Он гнался за сбежавшим из плетения дамбы духом по лабиринту. Смрад и тлен вокруг, иллюзии то ли прошлого, то ли игра сознания — всплывали далекими миражами и близкими отражениями, вдруг становящимися зеркалами стен. Здесь легко потерять разум, да и тело. Лабиринт. Мир без теней. Место, где нет пространства и времени. Пограничье двух миров. Пристанище душ, которые хотят скрыться от закона или не могут уйти дорогой вечного сна из реального мира.
Его запутанные ходы пронизывают пространство, и чем ты лучше их узнаешь, тем больше теряешься. И если у тебя нет якоря, то однажды заблудишься в ловушках лабиринта навсегда.
Тэд бежал за призраком и старался выкинуть из головы мысли об этом гребаном якоре. Зачем думать о том, чего у тебя нет и навряд ли будет?

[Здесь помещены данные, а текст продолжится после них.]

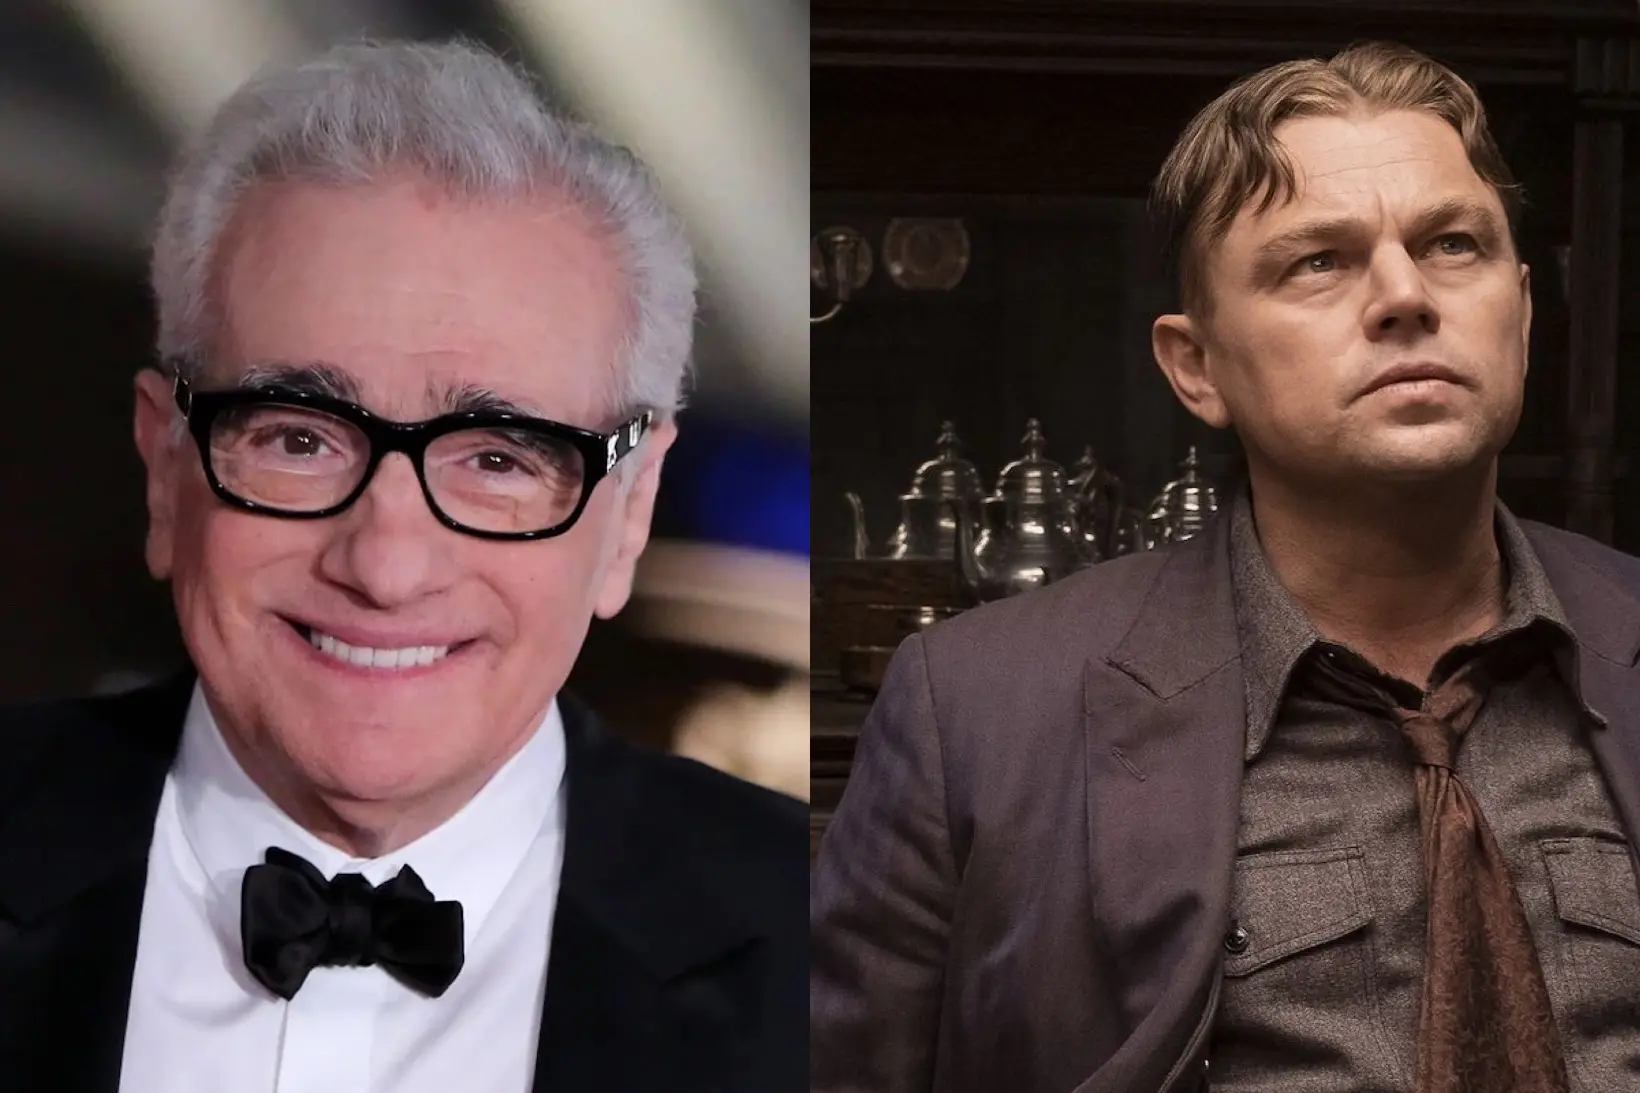 Les Naufragés du Wager : Martin Scorsese et Leonardo DiCaprio vont de nouveau collaborer ensemble pour un film de pirates

В Оплоте из них ковали идеальных воинов. Тех, кто способен служить, тех, кто сможет вынести сумрак лабиринта и найти в нем путь. Но вот насмешка судьбы — самые совершенные клинки порою ломались первыми. Не от непосильных нагрузок, но от каждодневного искушения лабиринта.
Вот только мессиры будущим ловцам не объясняли, что совершенствовать нужно не только тело, но и дух. Зачем? Воин выполнил свой долг. Воин может умереть. В случае Тэда — потеряться в переулках лабиринта.
Он знал, что это произойдет рано или поздно, но не сейчас. Еще не время. Однако ловец чувствовал, что уже скоро. Слишком часто он здесь бывал. Поначалу гордясь, что ему, одному из лучших в выпуске, дают самые сложные задания. А потом за наградами и похвалой начала проглядывать правда: его спешили использовать по максимуму. Пока он не сломался.
Его начальник, не привыкший выплетать красивое кружево лживых фраз, однажды, вызвав его в кабинет, прямо в лоб заявил, что Тэд обязан найти себе якорь. Ловец на это лишь усмехнулся.
Якорь… безднов якорь. Это может быть дорогой сердцу предмет. Хоть памятная чем-то пуговица от драных кальсон, хоть образ старухи-матери. Главное, чтобы воспоминания об этом самом якоре смогли вытеснить лживые образы лабиринта. Отсечь иллюзии от реальности.
А у Тэда привязанностей, что держат на этом свете крепче стальных канатов, не было. Вещи? Тьфу. Беспризорник потерял память о таких еще на улицах в воровскую бытность. Мать? Та шлюха из борделя, которая выкинула его, семилетнего, на улицу? Друзья, что почти все утонули в тот проклятый день последнего отбора? Подружки на одну ночь, с которыми он старался забыться?
Тогда, в кабинете начальника, на прямой приказ найти якорь Тэд столь же прямо и ответил, что не может. Некого. Да и желания нет.
Мессир, уже в годах, грузный, с вислыми, моржовыми усами, разозлился и, ударив кулаком по столу, заявил, что де ему надоело укладывать молодых мальчишек, находящихся в его подчинении, в гробы по причине их собственной дури.
— Что я могу поделать? — усмехнувшись, развел руками Тэд.
— Что, нет бабы, которая бы тебе дорога была? — подозрительно уточнил начальник.
— Нет.
— Значит, иди и трахни парня, если девки тебя ни одна не цепляет.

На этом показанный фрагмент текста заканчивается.